New paper accepted @ PSBD co-located with IEEE BigData 2020
Exploring the Impact of Resampling Methods for Malware Detection
New paper published on PSBD 2020: “Exploring the Impact of Resampling Methods for Malware Detection”
Malware detection is a well-known problem with severe consequences in terms of damages and financial losses. The typical imbalance of this domain causes serious problems to the learning algorithms that are not able to focus correctly in the scarce malware cases. Although resampling techniques have shown to be effective, their impact has not yet been studied for the particular domain of malware detection.
This paper focus on the evaluation of resampling methods to tackle the malware detection problem under a realistic assumption of malware rarity. Several machine learning-based solutions proposed for this domain use non-public data sets and consider different malware prevalence in the data. This makes difficult the comparison of solutions.
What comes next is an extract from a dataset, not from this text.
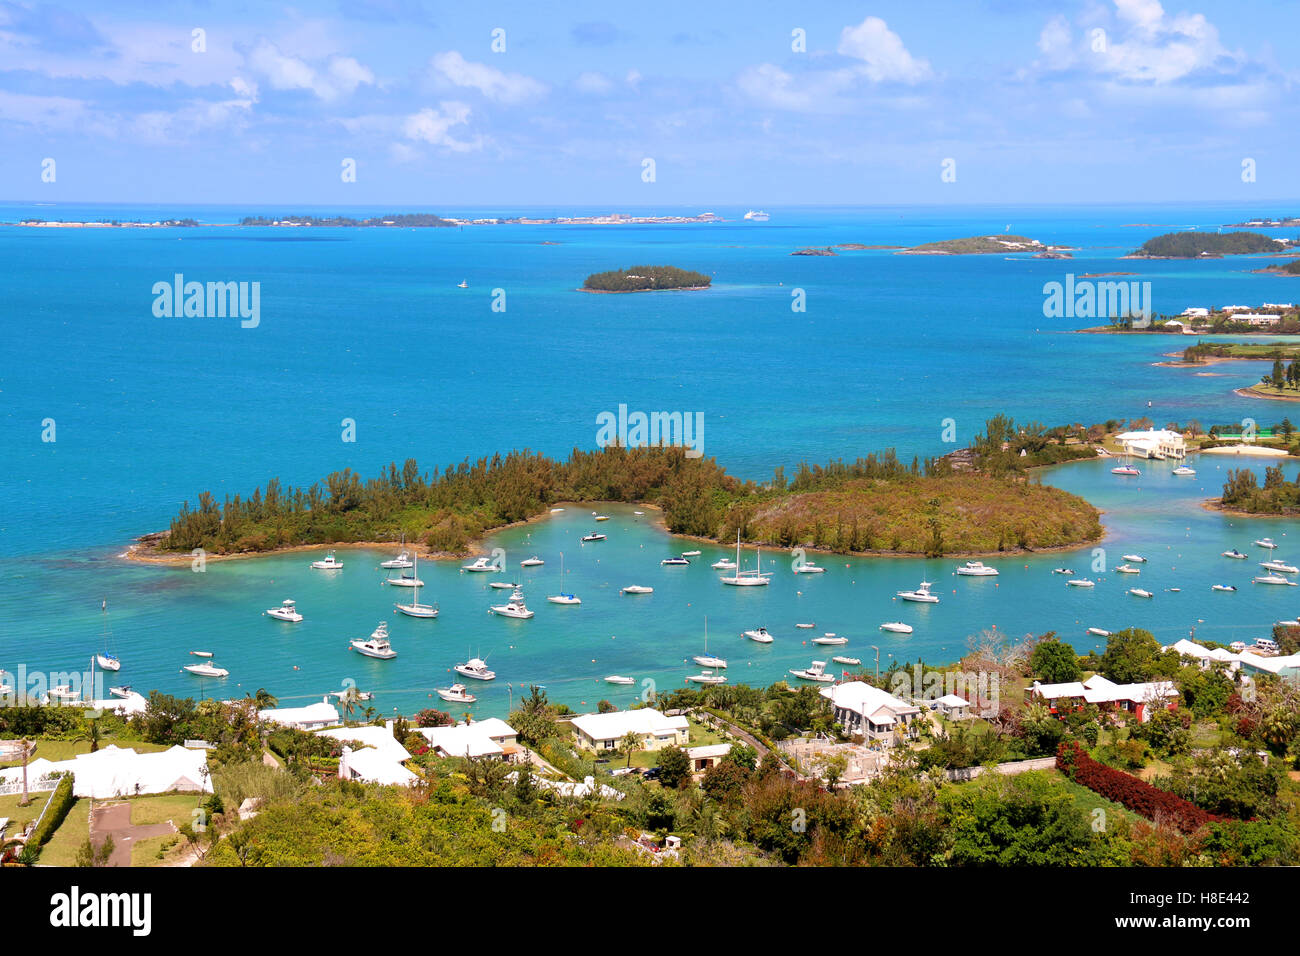 Les Bermudes paysage tropical Vue de dessus, St Anne's, les Bermudes. Banque D'Images

We use the freely available NSL-KDD data set which has a rarity associated with the malware cases that resembles a more realistic scenario. Our main goal is to assess the potential advantages of applying resampling techniques in this setting as well as their impact when using different standard learning algorithms. We also carry out an extensive analysis of resampling techniques using different parameters which allows to test the best configuration of these techniques. We explore not only a balanced class scenario but also other class configurations that may be more beneficial to improve the predictive performance of the algorithms.
We present a systematic study of the effectiveness of existing resampling approaches for tackling the imbalance problem in malware domains. We show that resampling techniques present an advantage and explore their impact in the predictive accuracy of each class. Finally, we also show that different resampling strategies have a different impact in the importance of the features used by the learning algorithms.